Table 8 shows that our model outperforms many other methods when they use standard datasets. When compared to studies that used the ISIC 2018 dataset, our model outperforms others in terms of accuracy (92.0%), precision (91.0%), and sensitivity (92.0%).
Furthermore, the suggested ensemble model has a high AUC score (0.970), indicating that our approach can appropriately identify the population with melanoma skin cancer problems. Our study is surpassed in terms of all metrics by the models reported by Yuan and Lo [
26], who assessed their models using datasets other than ours. However, the majority of this research in the literature does not provide any or sufficient explanation for their performance results. Our model, on the other hand, gives results that are important for AI models to be accepted by a wide range of health care professionals.
To this end, SHAP values for the best performing DenseNet121 model are shown in
Figure 7. Indicators in red reflect features that increase the malignant melanoma output, whereas indicators in blue show features that decrease it. The saliency of a ROI is measured by the sum of the intensity of its features for a given class. As a result, the robustness of our best performing deep learning strategy for malignant melanoma detection is explained by this explainability strategy.

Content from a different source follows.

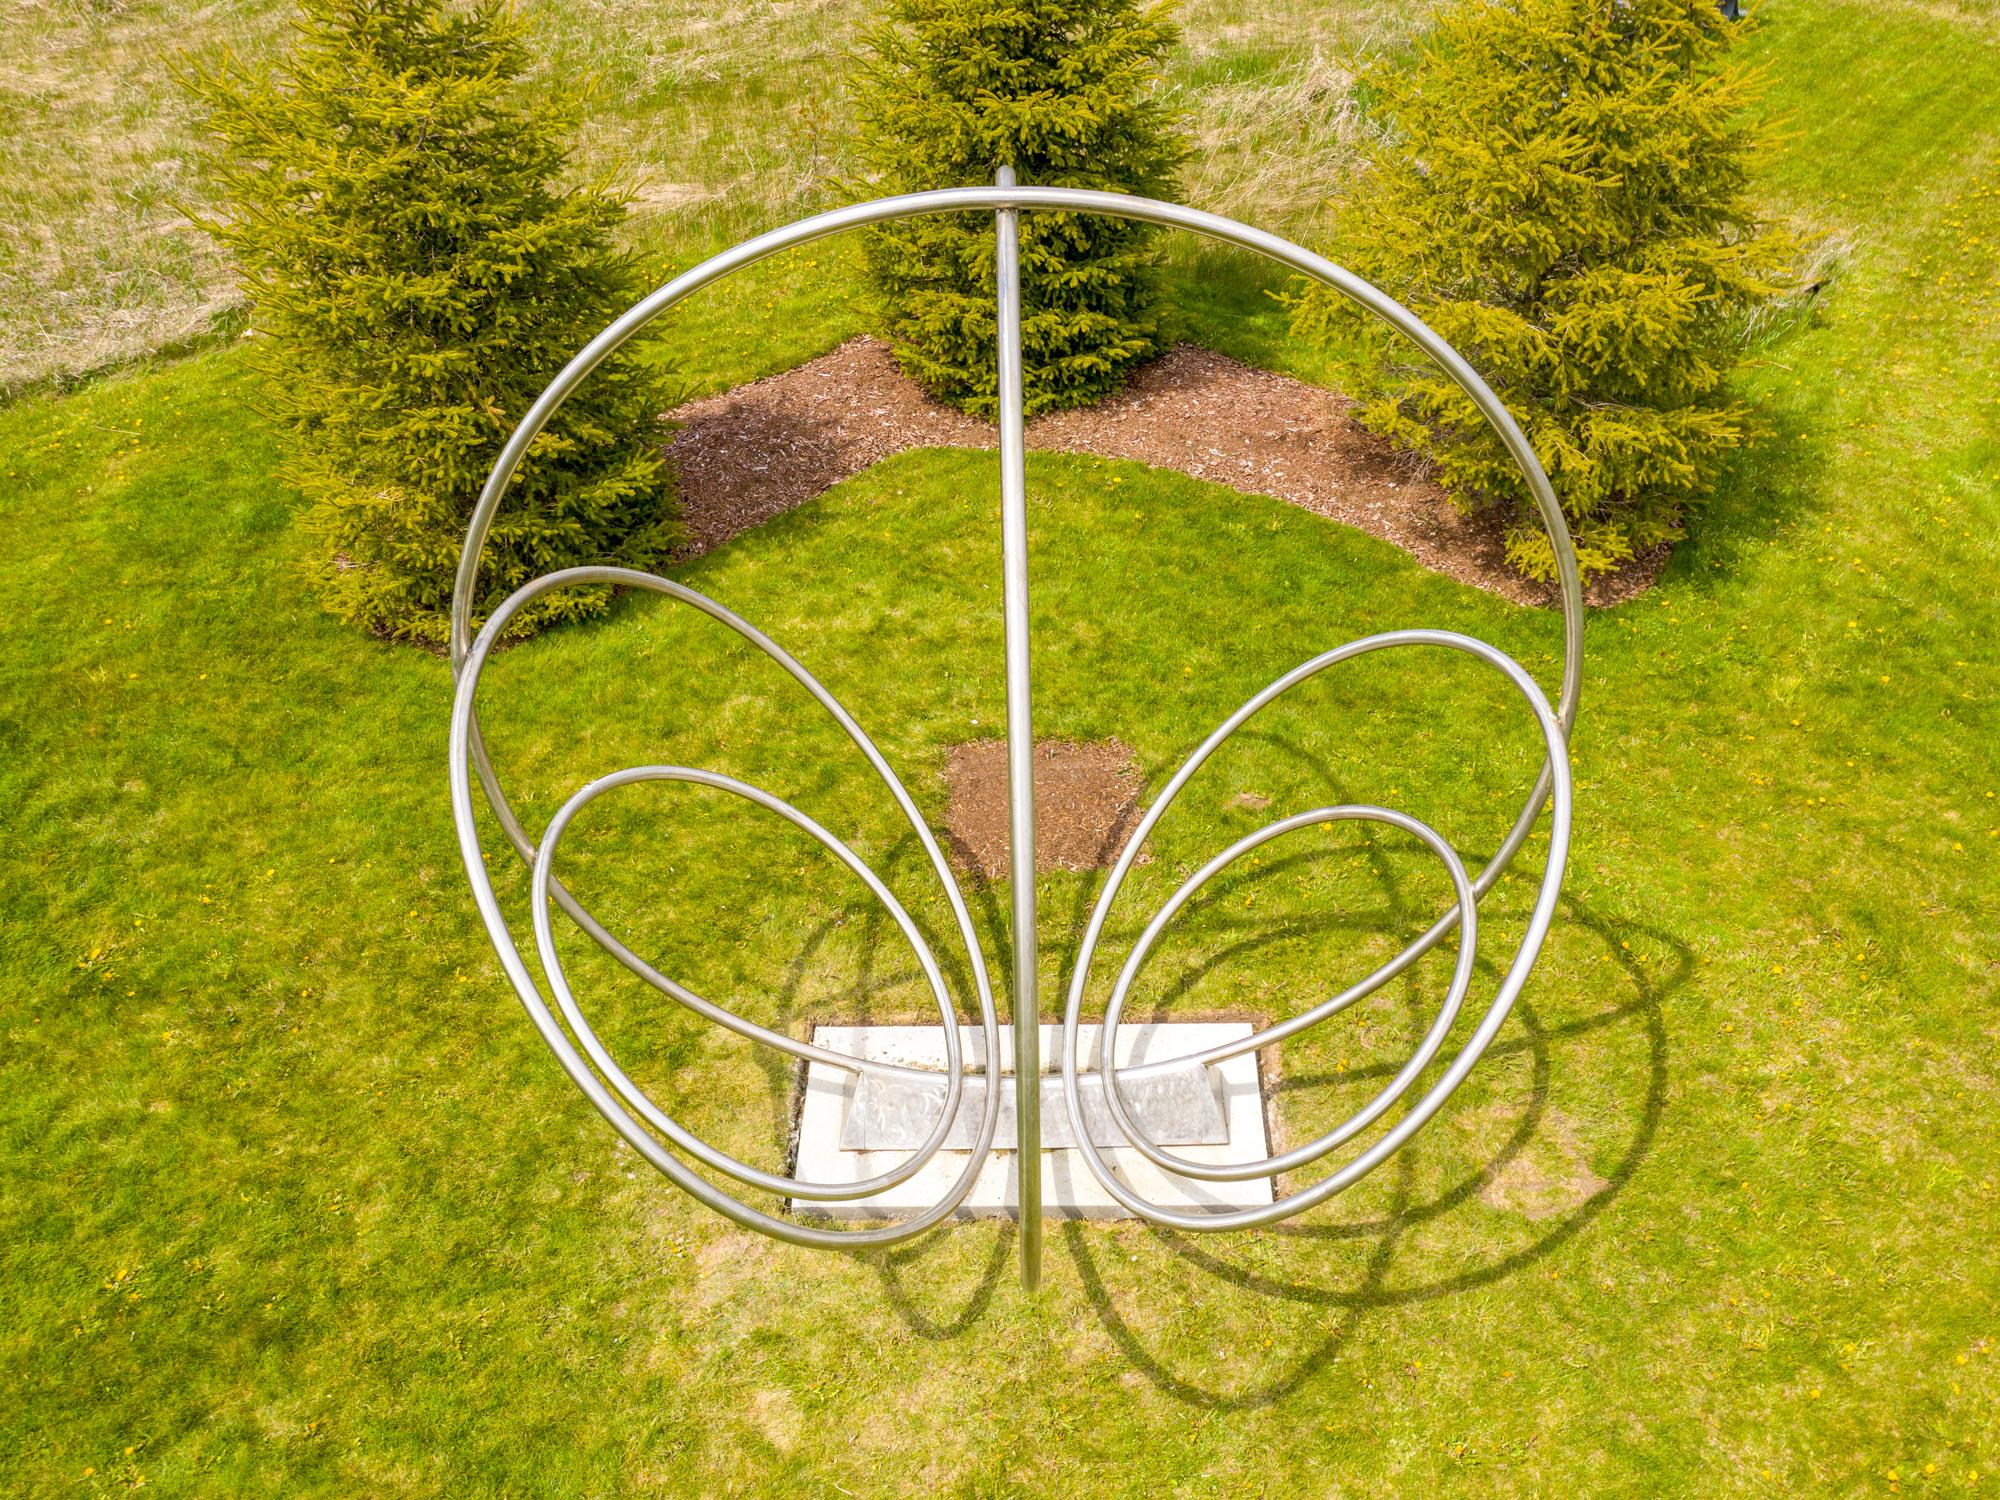 Canadian artist Jake Goertzen creates a symmetrical design with six stainless steel rings in this elegant outdoor sculpture.

We can understand how AI can help dermatologists to diagnose potential melanoma skin cancer difficulties more correctly and rapidly, given the amount of effort made so far to employ deep learning models to autonomously assess the severity of the disease. This research takes us closer to a better understanding of the problems that skin cancer causes. In comparison to other studies in the area, it offers an improved deep-learning-based strategy for the automatic and quick detection of prospective skin cancer occurrences.
Our proposed fusion approach, nonetheless, is not intended to replace the knowledge of a dermatologist. Rather, we think that our findings will have a big impact on how AI-assisted technologies are used in the medical field. Health care providers can greatly benefit from automatic advanced scanning to discover positive encounters while waiting for more comprehensive testing to be specified, even if they cannot solely rely on the outcomes of skin lesion images to advise a patient’s treatment plan.